Werner H. E. Hofmann (M’06) received his Dipl-Ing (M.S.) degree in electrical engineering and information technology in 2003 and the Dr.-Ing. (Ph.D.) degree in 2009, both from the Technical University of Munich, Germany. From 2003 to 2008, he was with the the group of Prof. Amann at the Walter Schottky Institute, where he was
engaged in research on long-wavelength vertical-cavity surface-emitting lasers (VCSELs). Subsequently, he joined Prof. Chang-Hasnain´s Group, University of California, Berkeley (UCB), where he worked on the incorporation of high-contrast gratings into VCSEL devices. In 2010, he joined the Technical University of Berlin (TU Berlin), Germany, as principal scientist in the group of Prof. Bimberg. Since 2013 Prof. Hofmann is leading his own group focusing on ultra-high-speed nanophotonic devices. Prof. Hofmann is also the Chief Technical Officer at the Centre of Nanophotonics at TU Berlin. Since 2014 he is also with the Xiamen University, P. R. China as guest professor and highly qualified foreign expert.

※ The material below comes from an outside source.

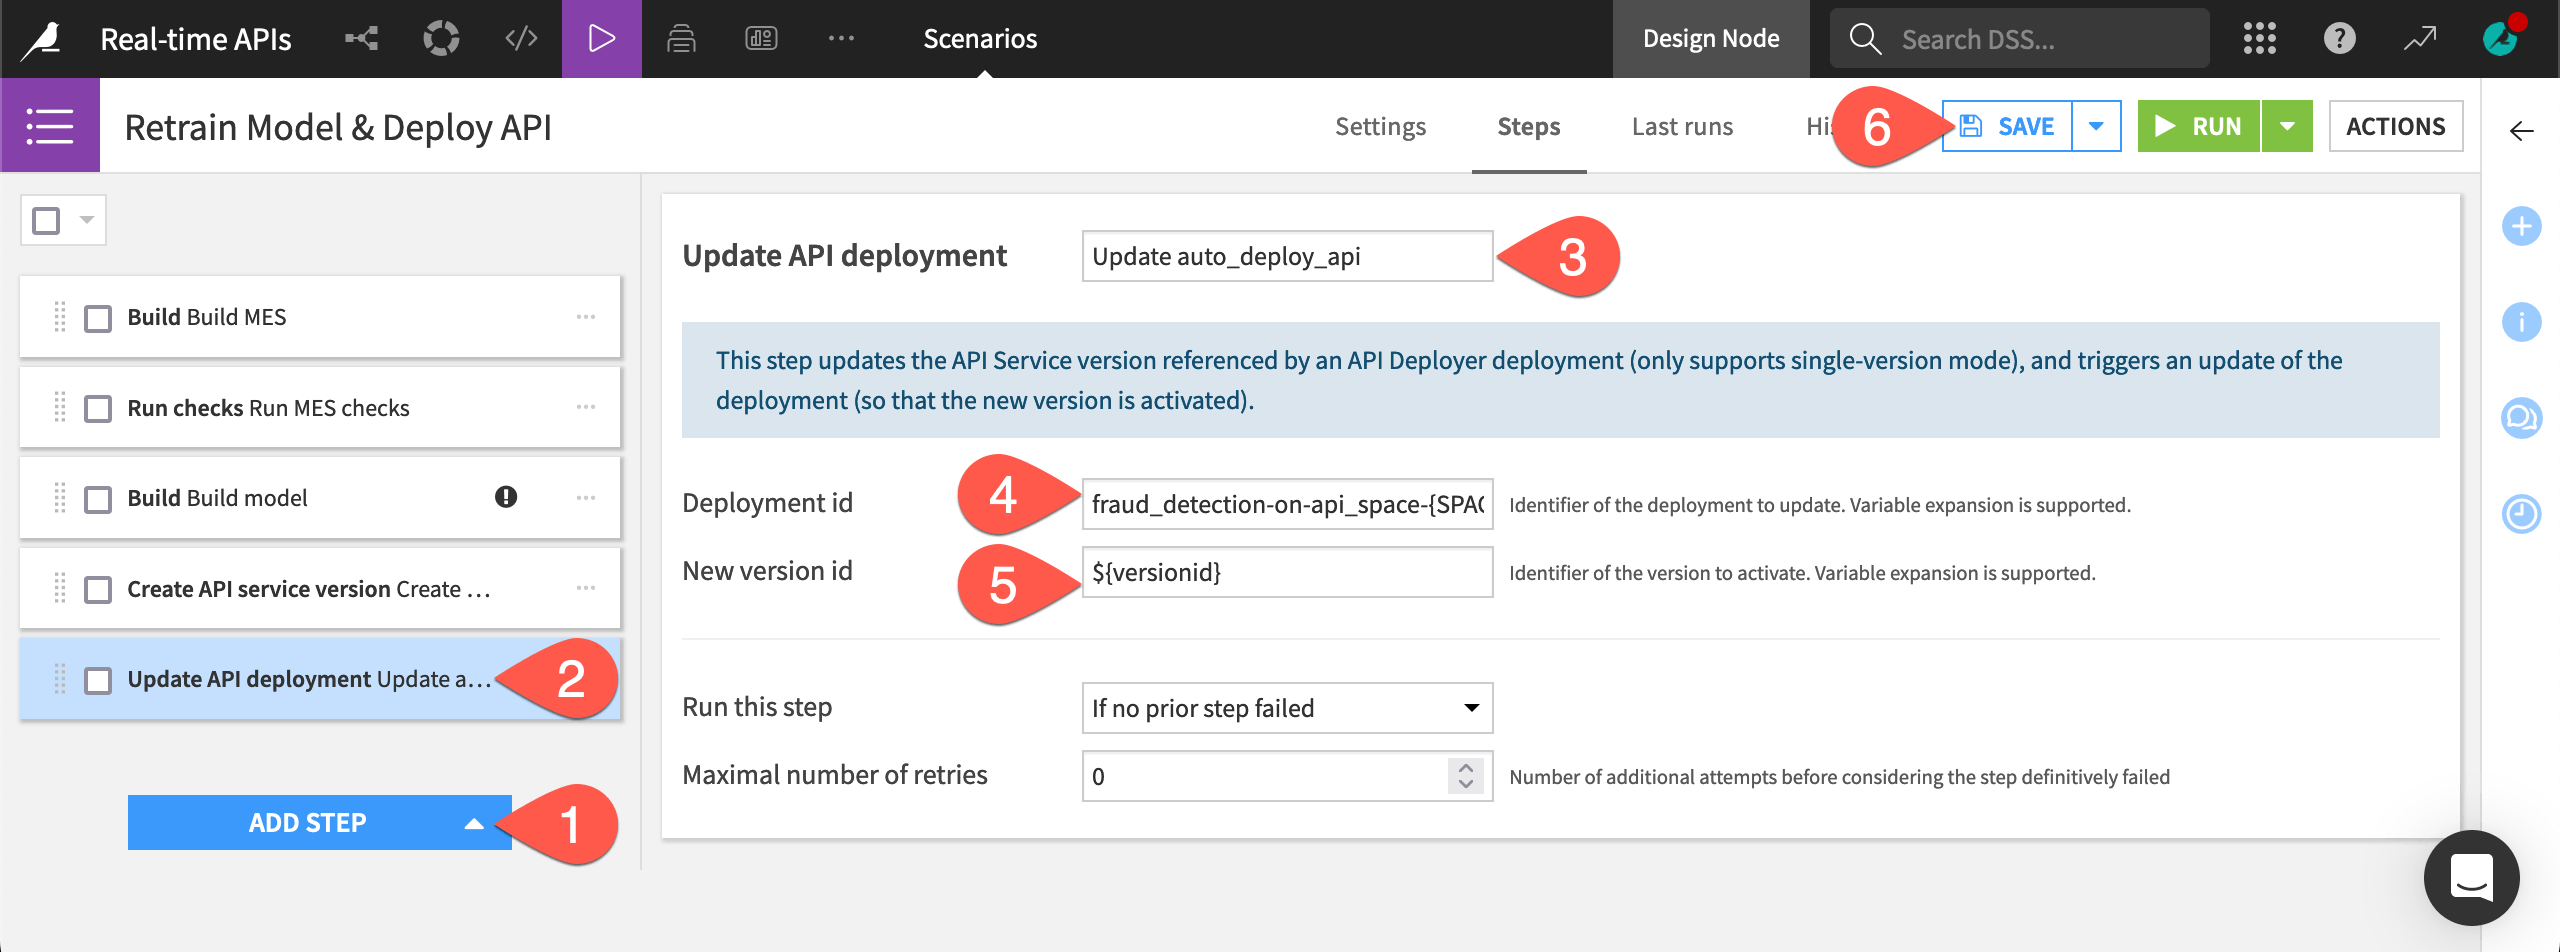 Dataiku screenshot of a scenario step to update an API deployment.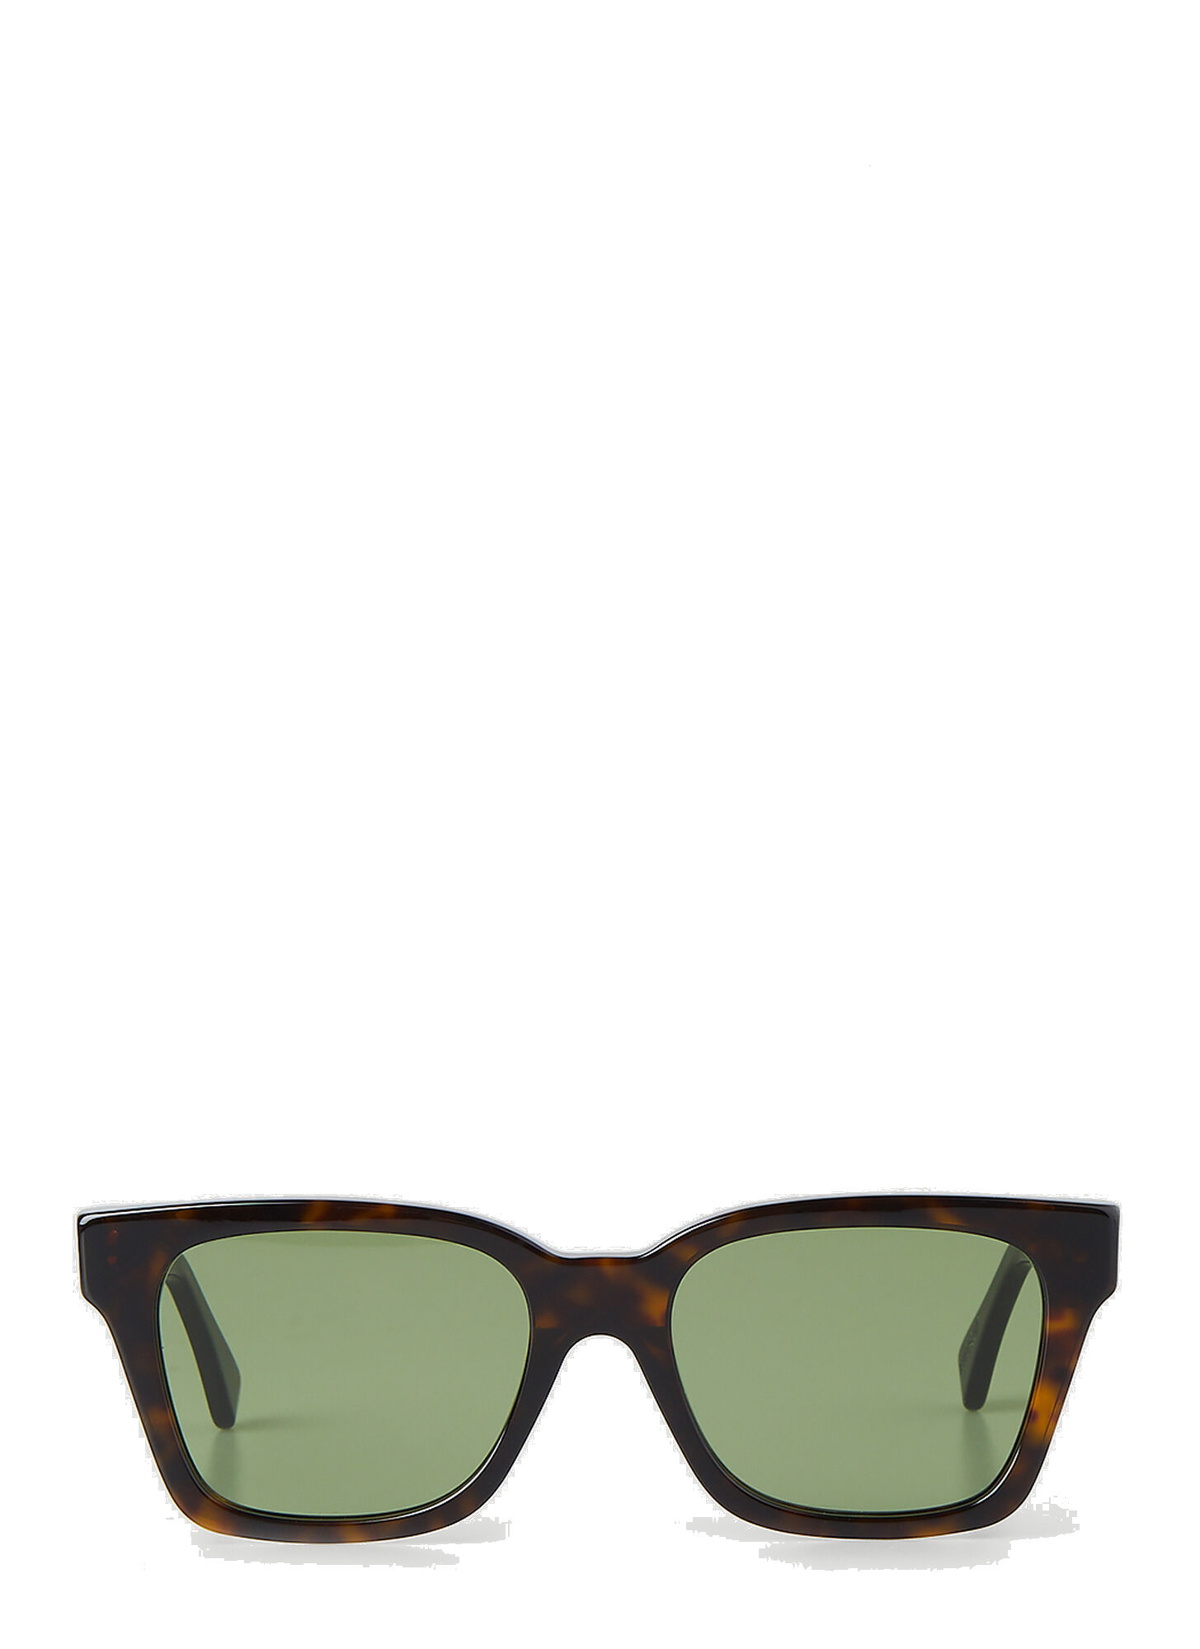 America 3627 Sunglasses in Brown RETROSUPERFUTURE

He received the E.ON Future Award in 2009 and the SPIE Green Photonics Award in 2012 for his research on high-speed, energy efficient VCSELs. Prof. Hofmann authored over 100 papers cited over 500 times and has presented over 10 invited talks and tutorials on international conferences. He is a member of the Association of the German Engineers (VDI), the German Association of University Professors (DHV) and the IEEE Photonics Society. His main research interests are high-speed surface emitters and their advance by nano-photonics.